The full listing, returned exactly and free of pictures, is the expected answer.
Supplied data: Begin
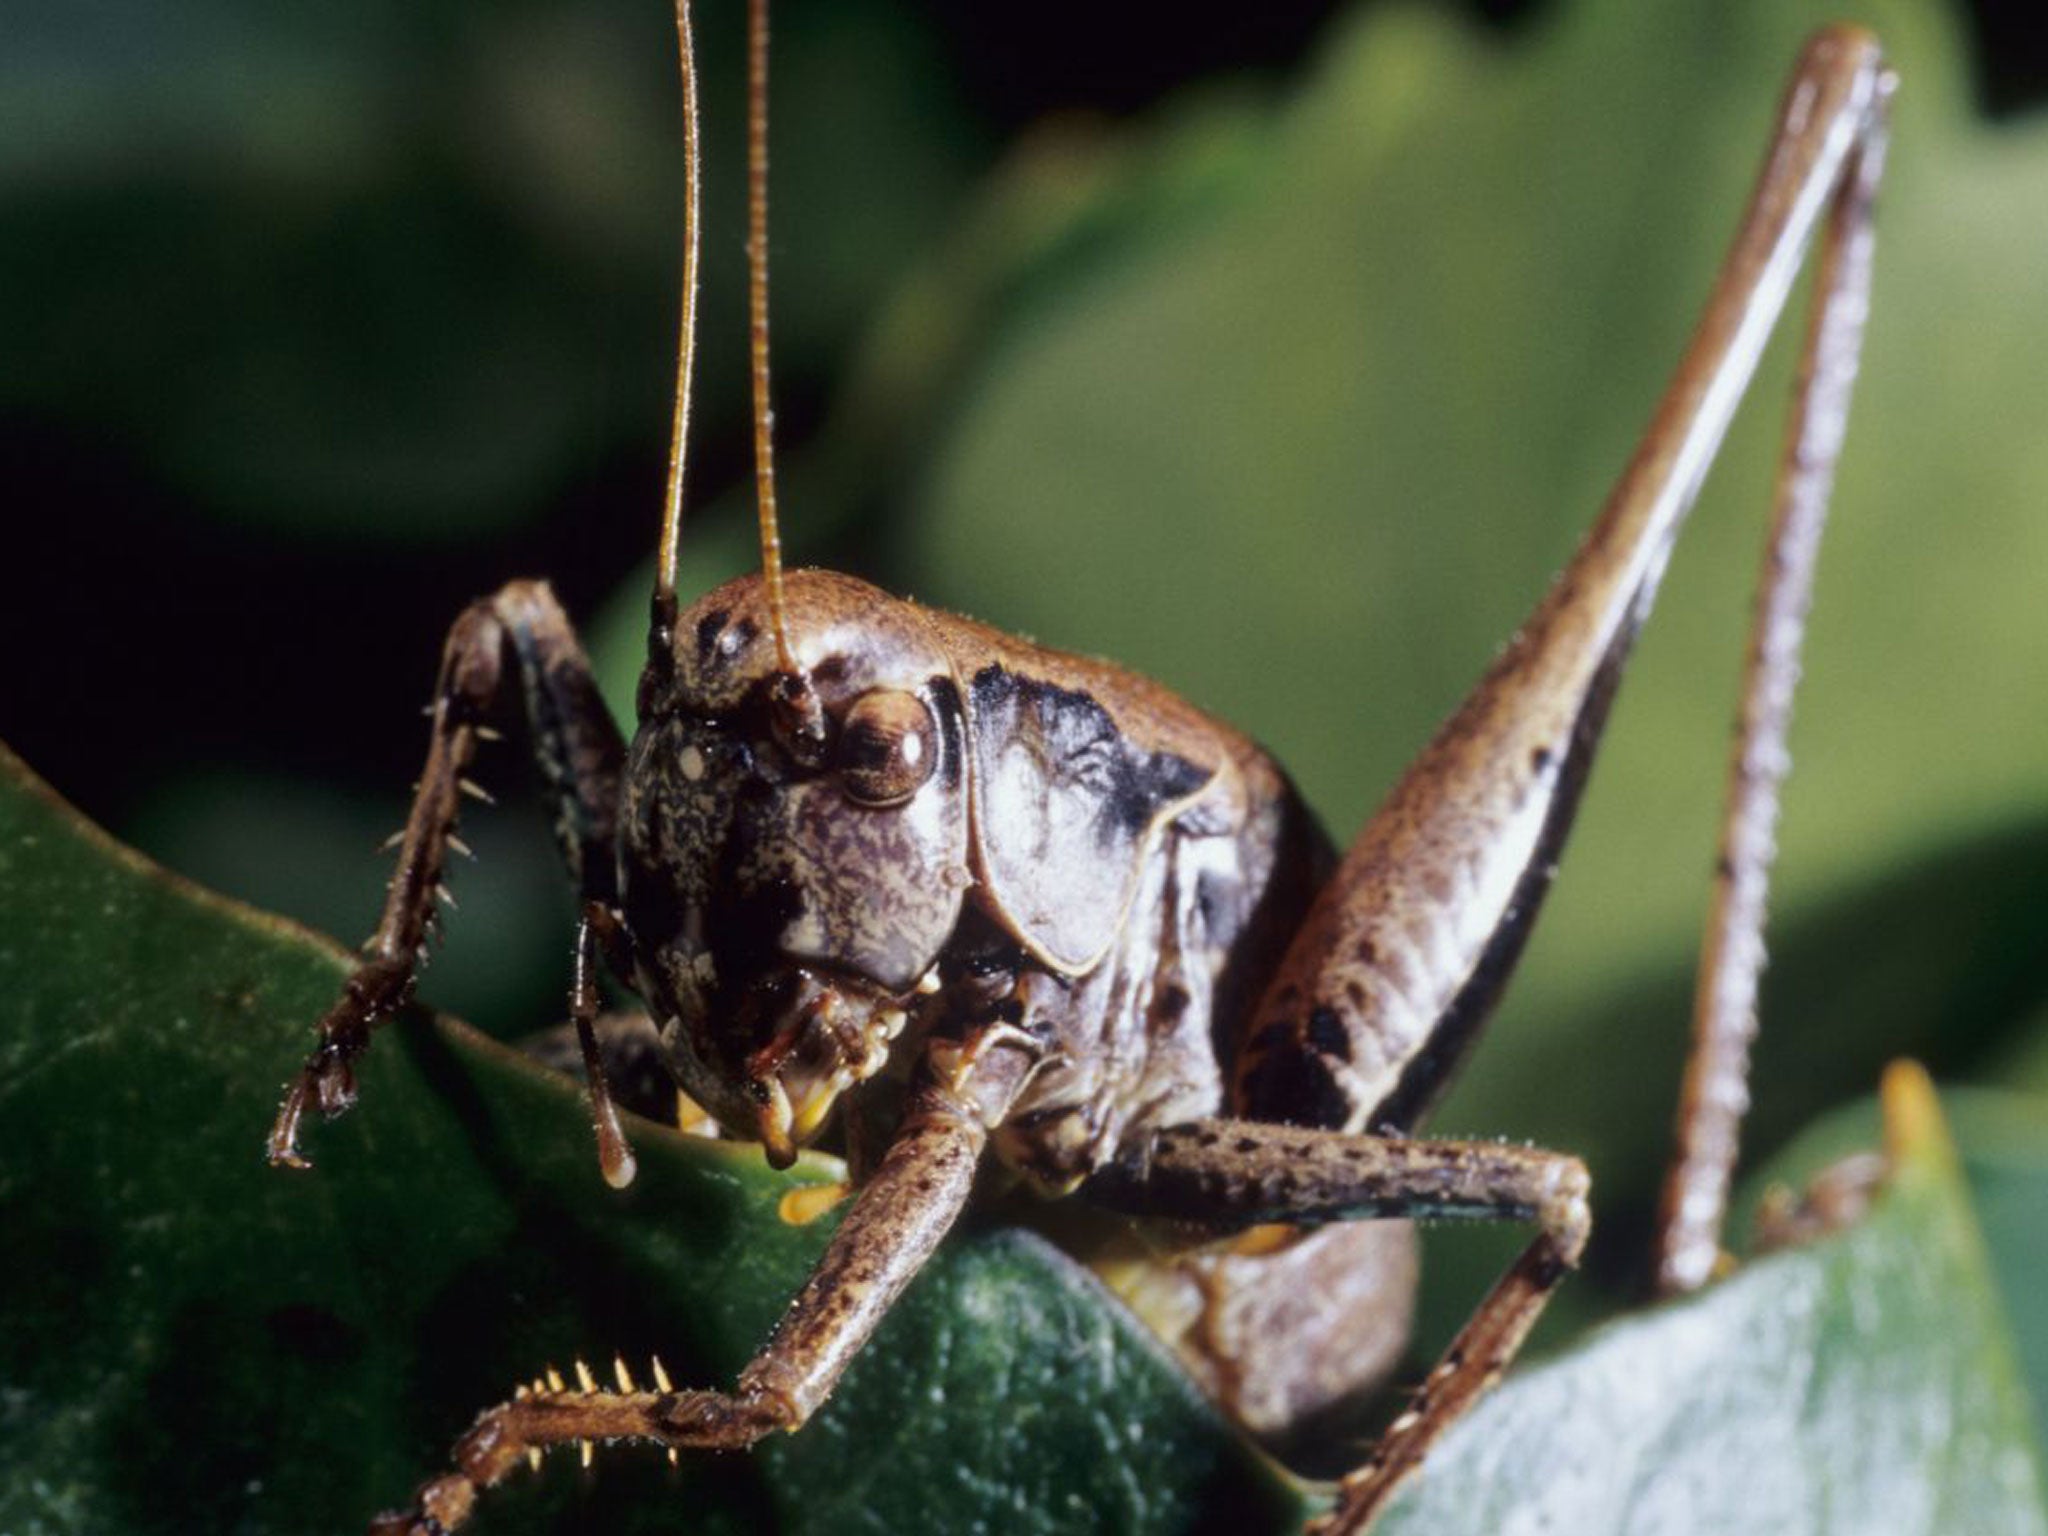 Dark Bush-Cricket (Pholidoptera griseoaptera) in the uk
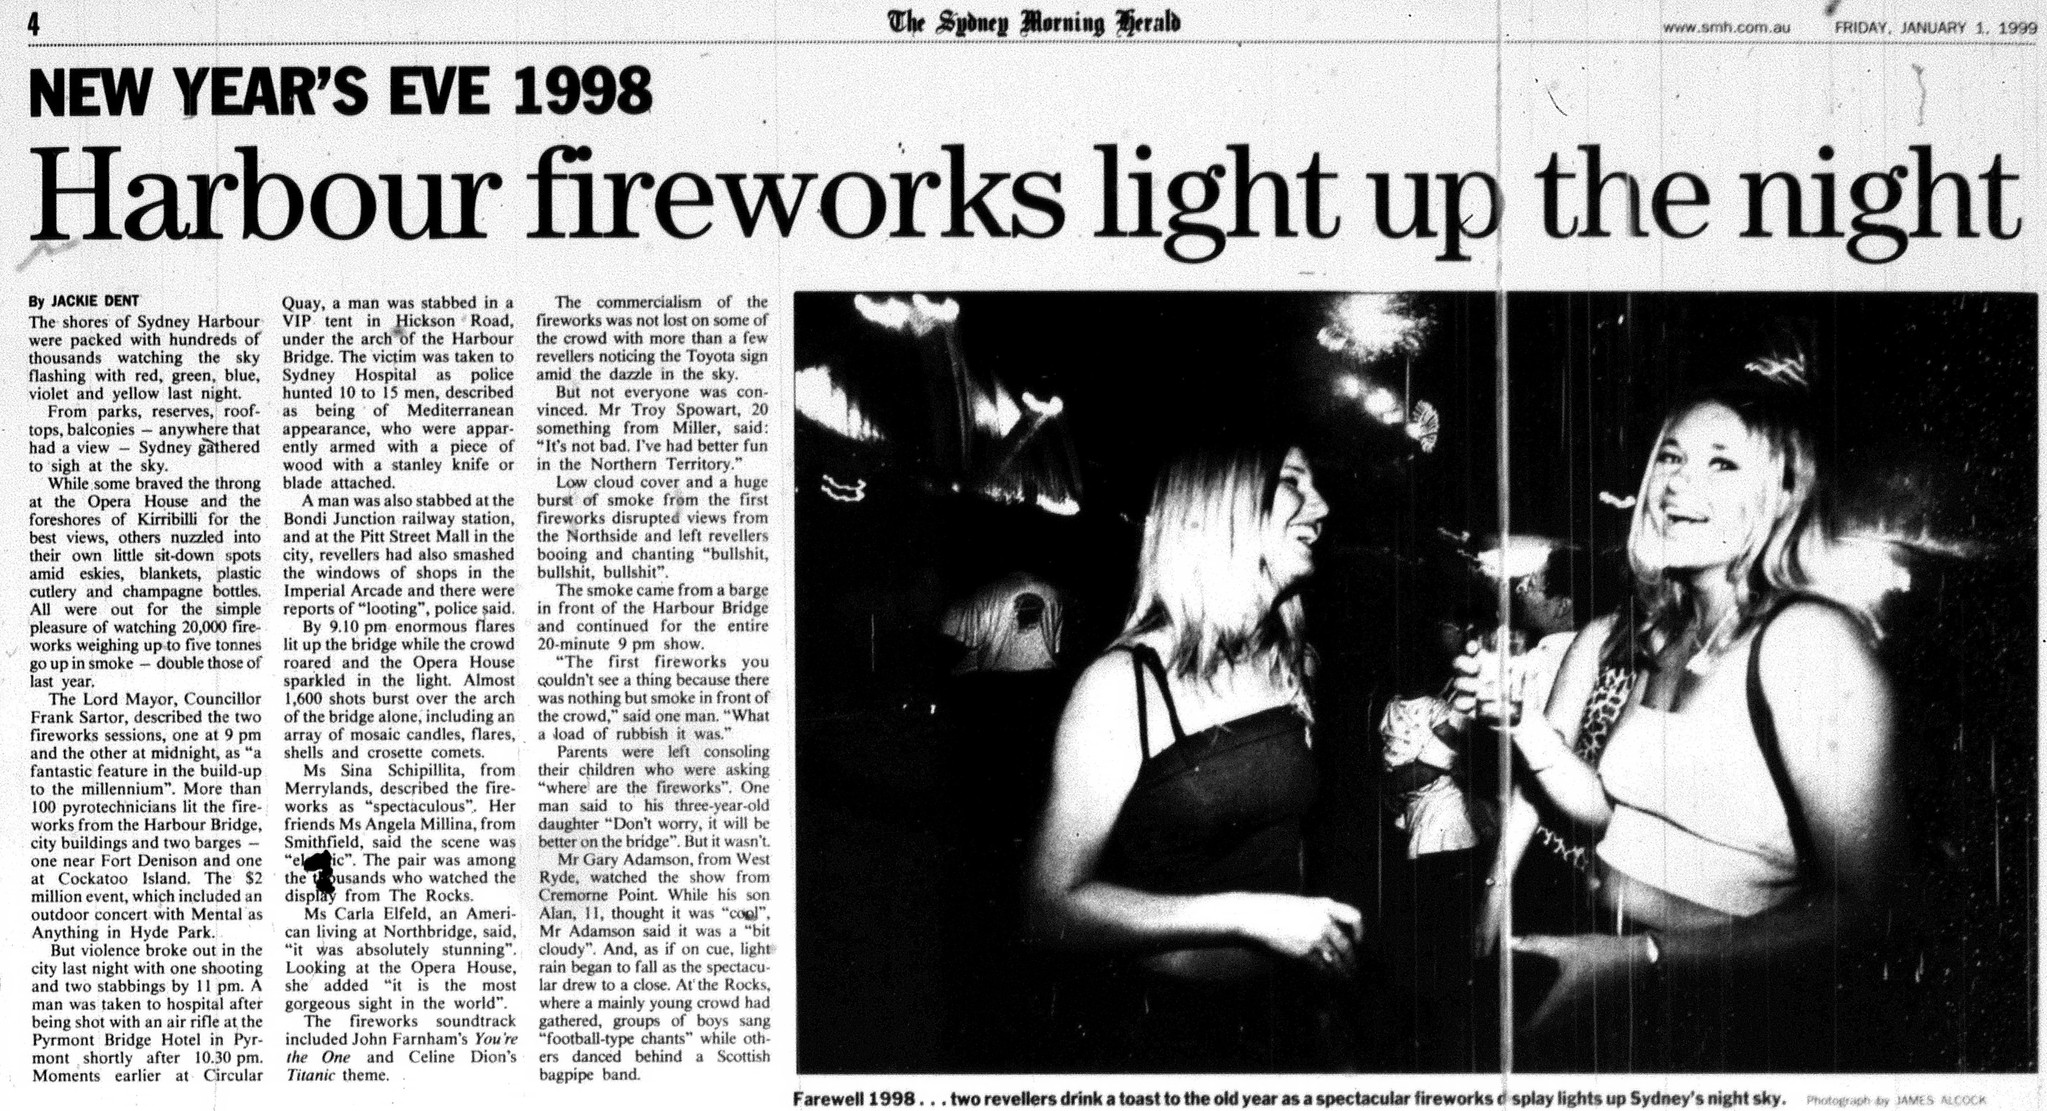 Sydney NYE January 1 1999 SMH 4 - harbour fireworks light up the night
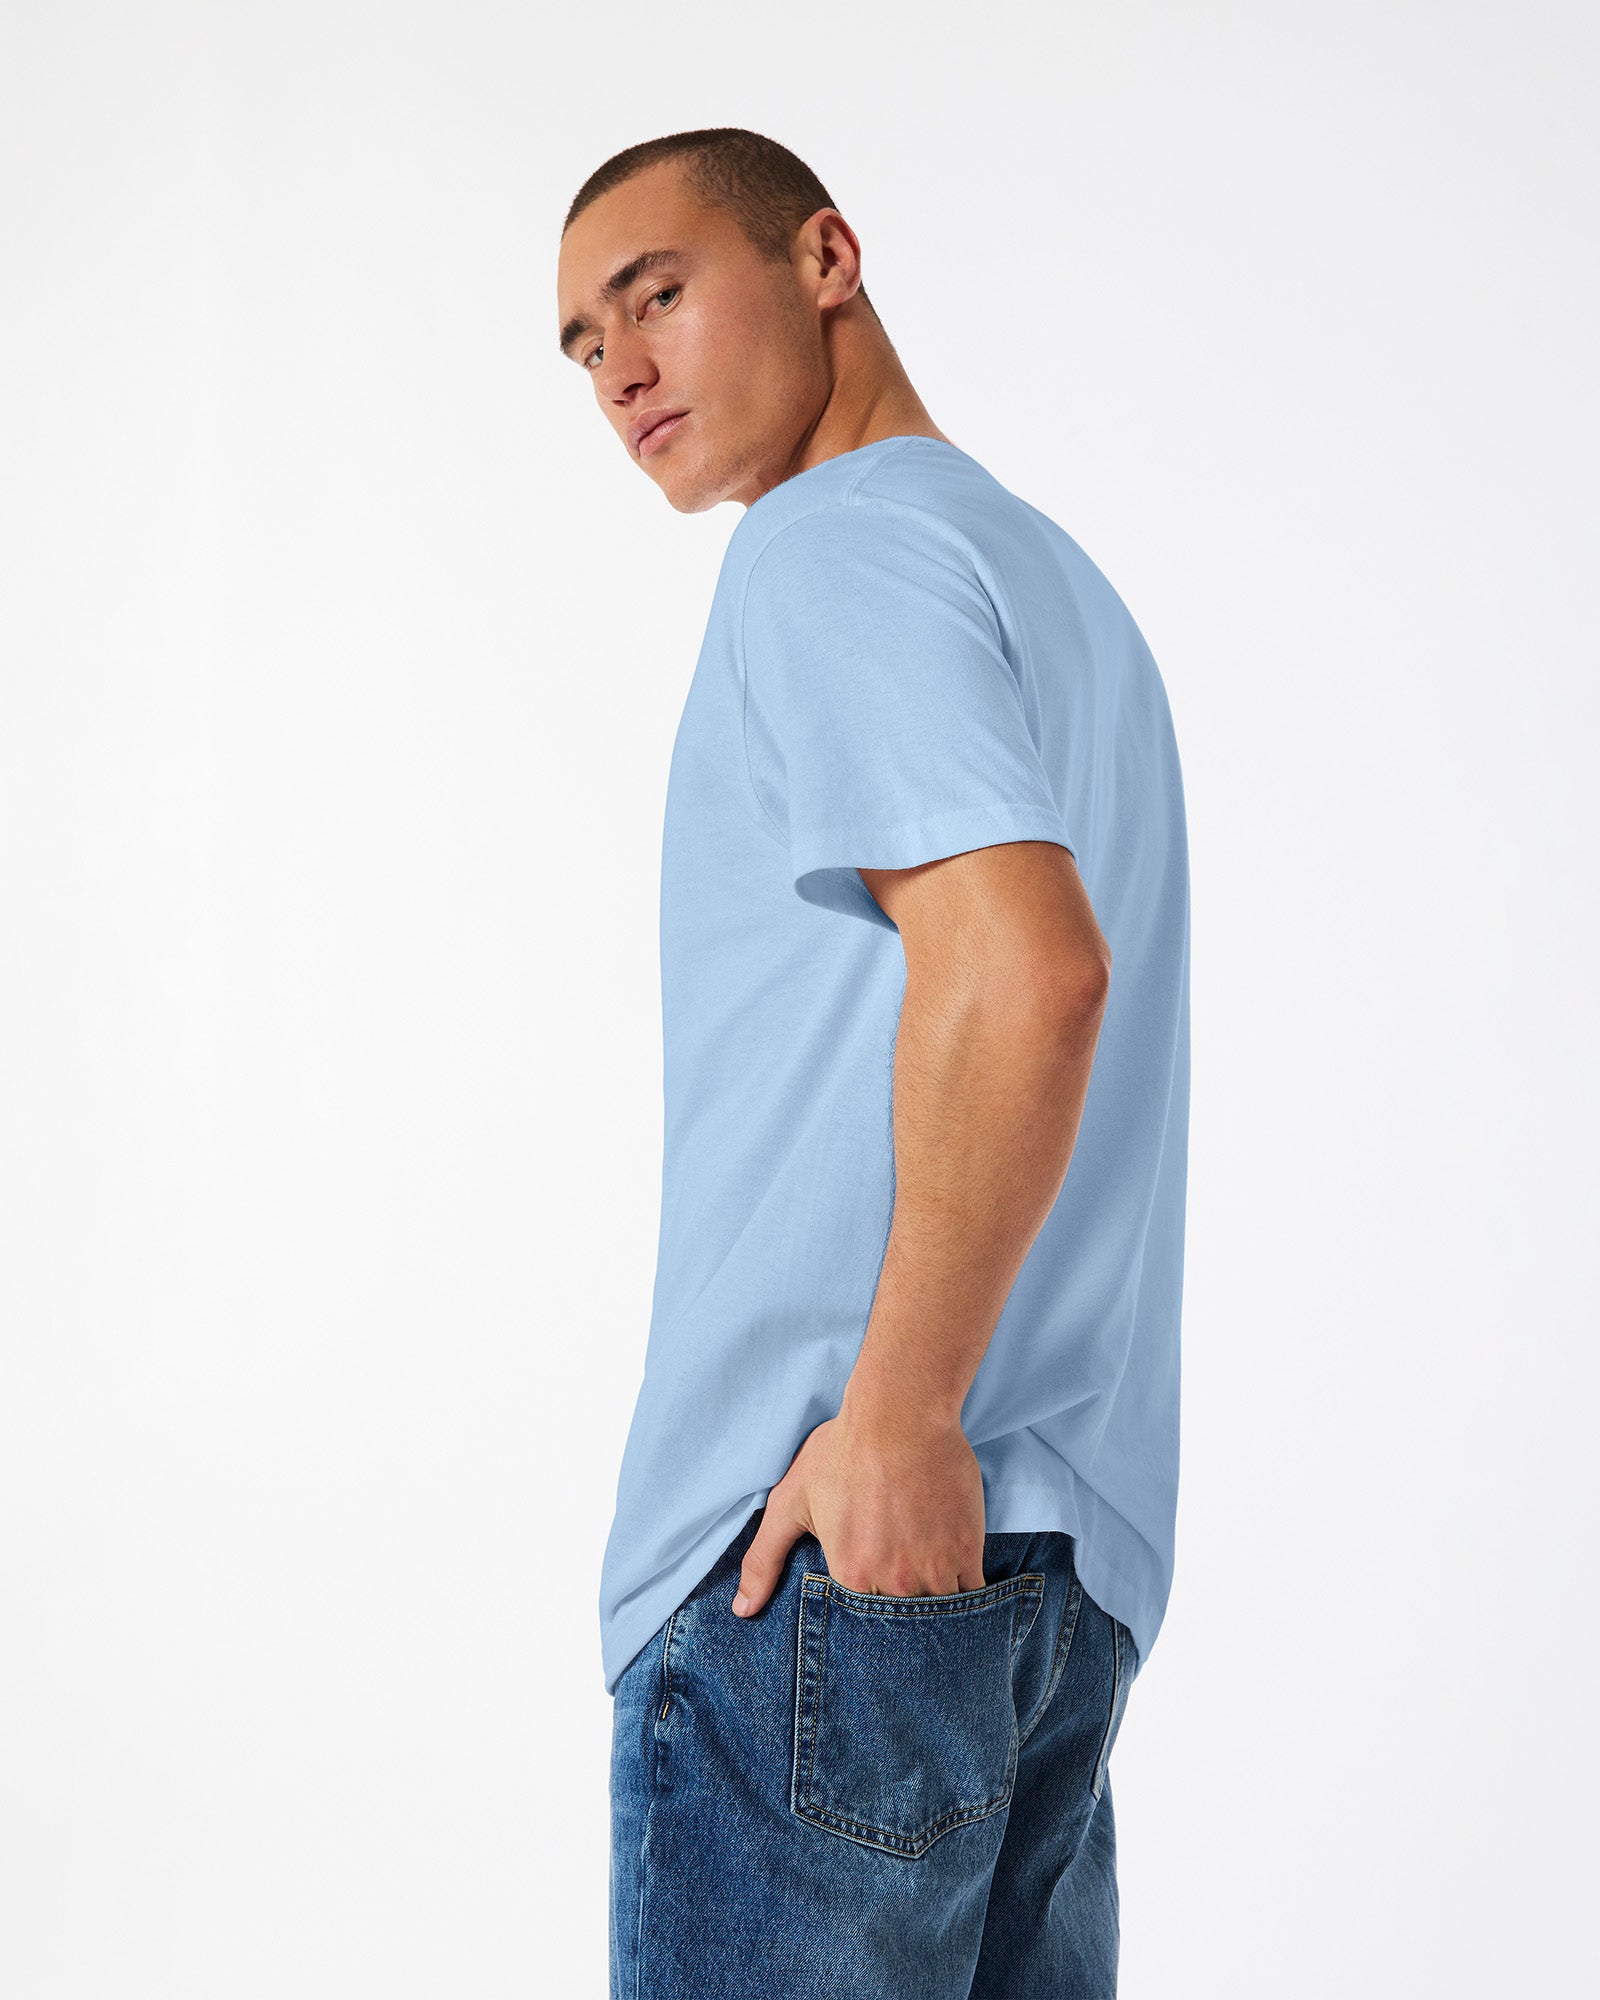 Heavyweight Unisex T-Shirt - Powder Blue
Supplied data: End
* **Answer below**:
 Dark Bush-Cricket (Pholidoptera griseoaptera) in the uk
 Sydney NYE January 1 1999 SMH 4 - harbour fireworks light up the night
 Heavyweight Unisex T-Shirt - Powder Blue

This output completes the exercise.